Most of the clever work is done in initialize(). First, a little math is used to find the lookup index on the bishop's chart, an index for the queen, and an index on the knight's chart. The row selected from the bishop's chart becomes the basis for the final arrangement of pieces and nth_dash() is used to properly slot the queen in that template. The knight's are then pulled from their chart by index and nth_dash() is again used to place them. The three squares left then must be a rook, king, and rook in that order.

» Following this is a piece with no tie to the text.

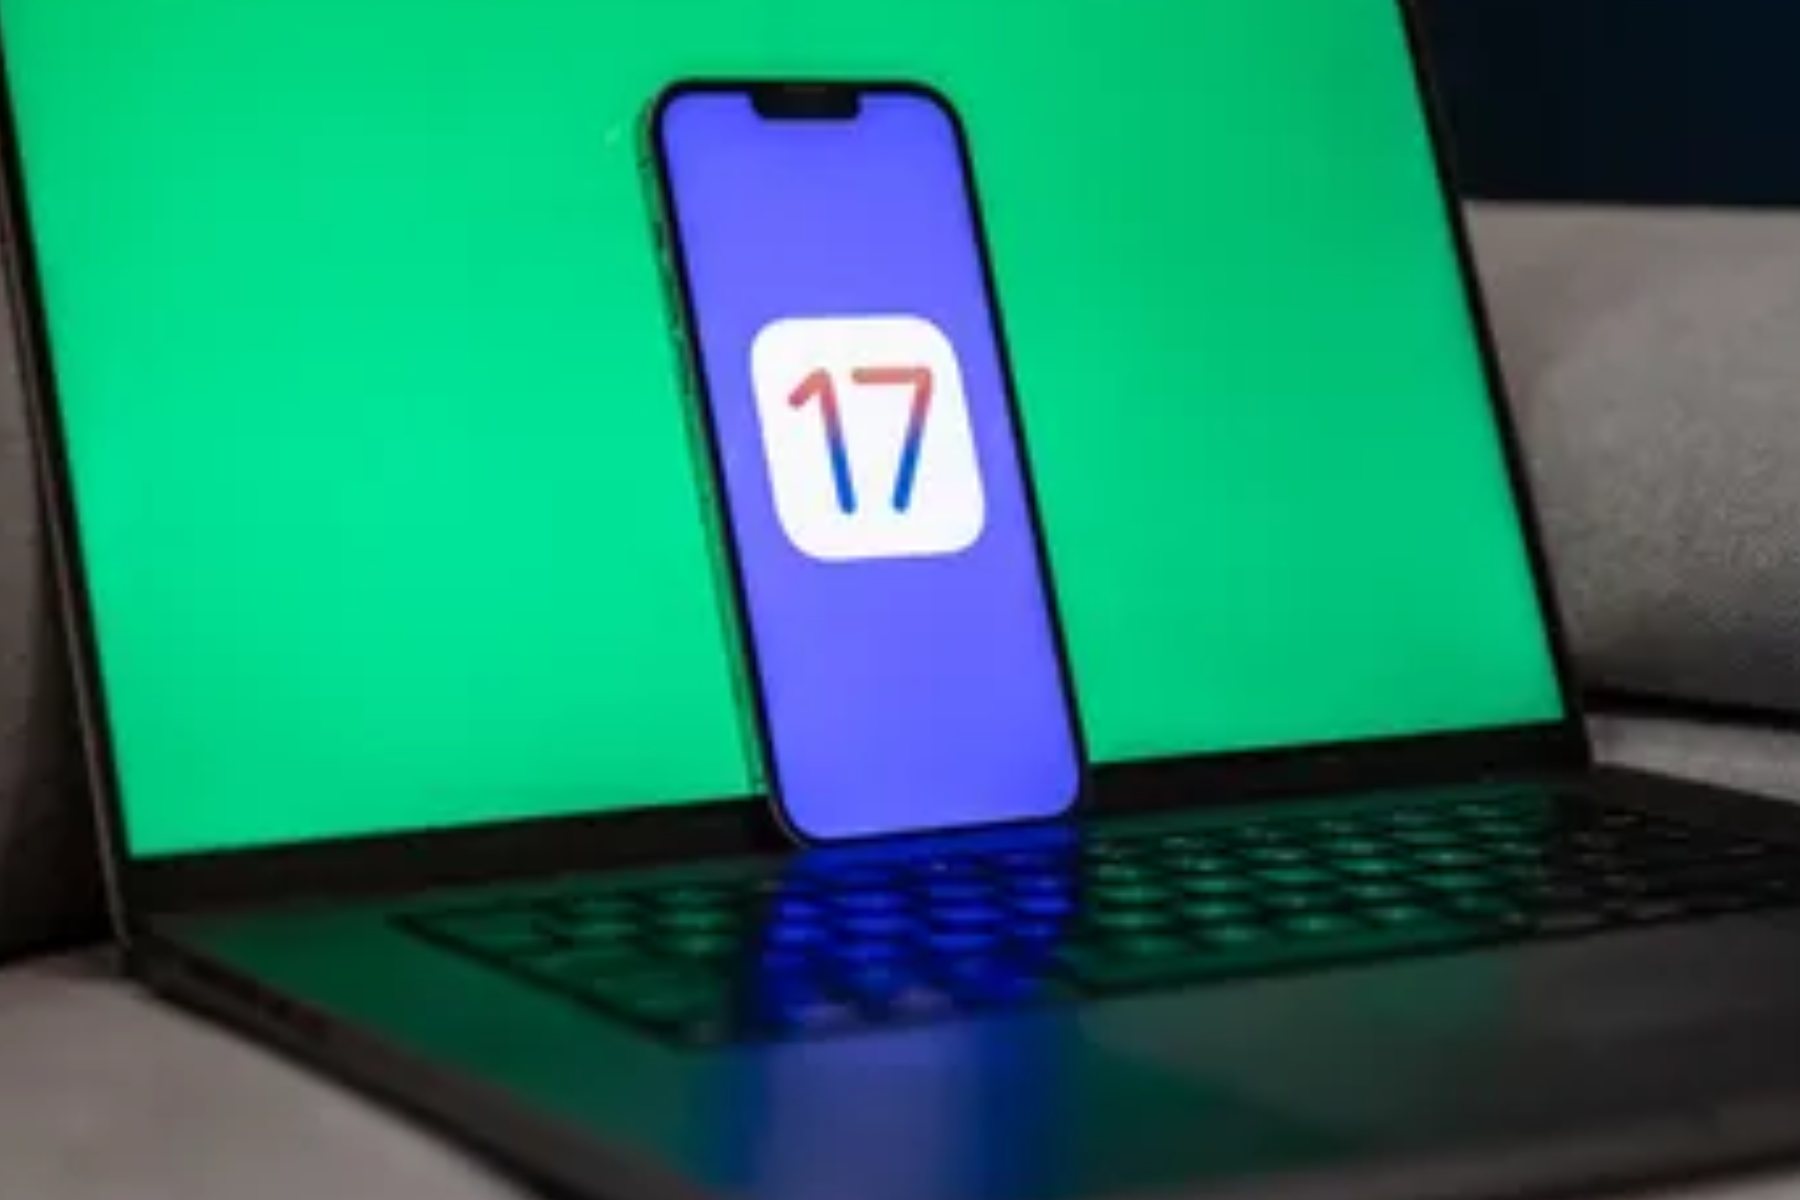 Monday Is The Day To Update Your IPhone To IOS 17 - Here's What You Need To Know

The rest of Morton's code (again with minor changes by me) is just for displaying the results:

ruby
# ...

def inspect
@white_pieces.join
end

def to_s
white_pieces = @white_pieces.join + "\n"
white_pawns = 'P' * 8 + "\n"
black_pieces = white_pieces.downcase
black_pawns = 'p' * 8 + "\n"
empty = ('.' * 8 + "\n") * 4
black_pieces + black_pawns + empty + white_pawns + white_pieces
end
end

if __FILE__ == $0
begin
if ARGV.empty? then n = rand(960)
else
n = ARGV.first.to_i
raise StandardError unless (0..959).include?(n)
end
puts "Initial position #{n}"
print Chess960.new(n).to_s
rescue StandardError
puts "Usage: #{$PROGRAM_NAME} [<integer>]"
puts "where <integer> is in 0..959"
puts "Omitting <integer> produces a random initial position"
end
end

If you want to read more about the systems for assigning pieces, check out:

Chess960 Starting Position

and:

Chess960 Enumbering Scheme

There were a lot more creative elements in the solutions I didn't cover. Jamie Macey even built a complete Camping application to display the positions. Definitely take the time to look over them. It's worth it.

My thanks to all for another great quiz. I'm a big chess nut some problems like this always thrill me.

There will be no Ruby Quiz tomorrow. I'll be busy having a merry Christmas and I wish the same for others. See you in a week!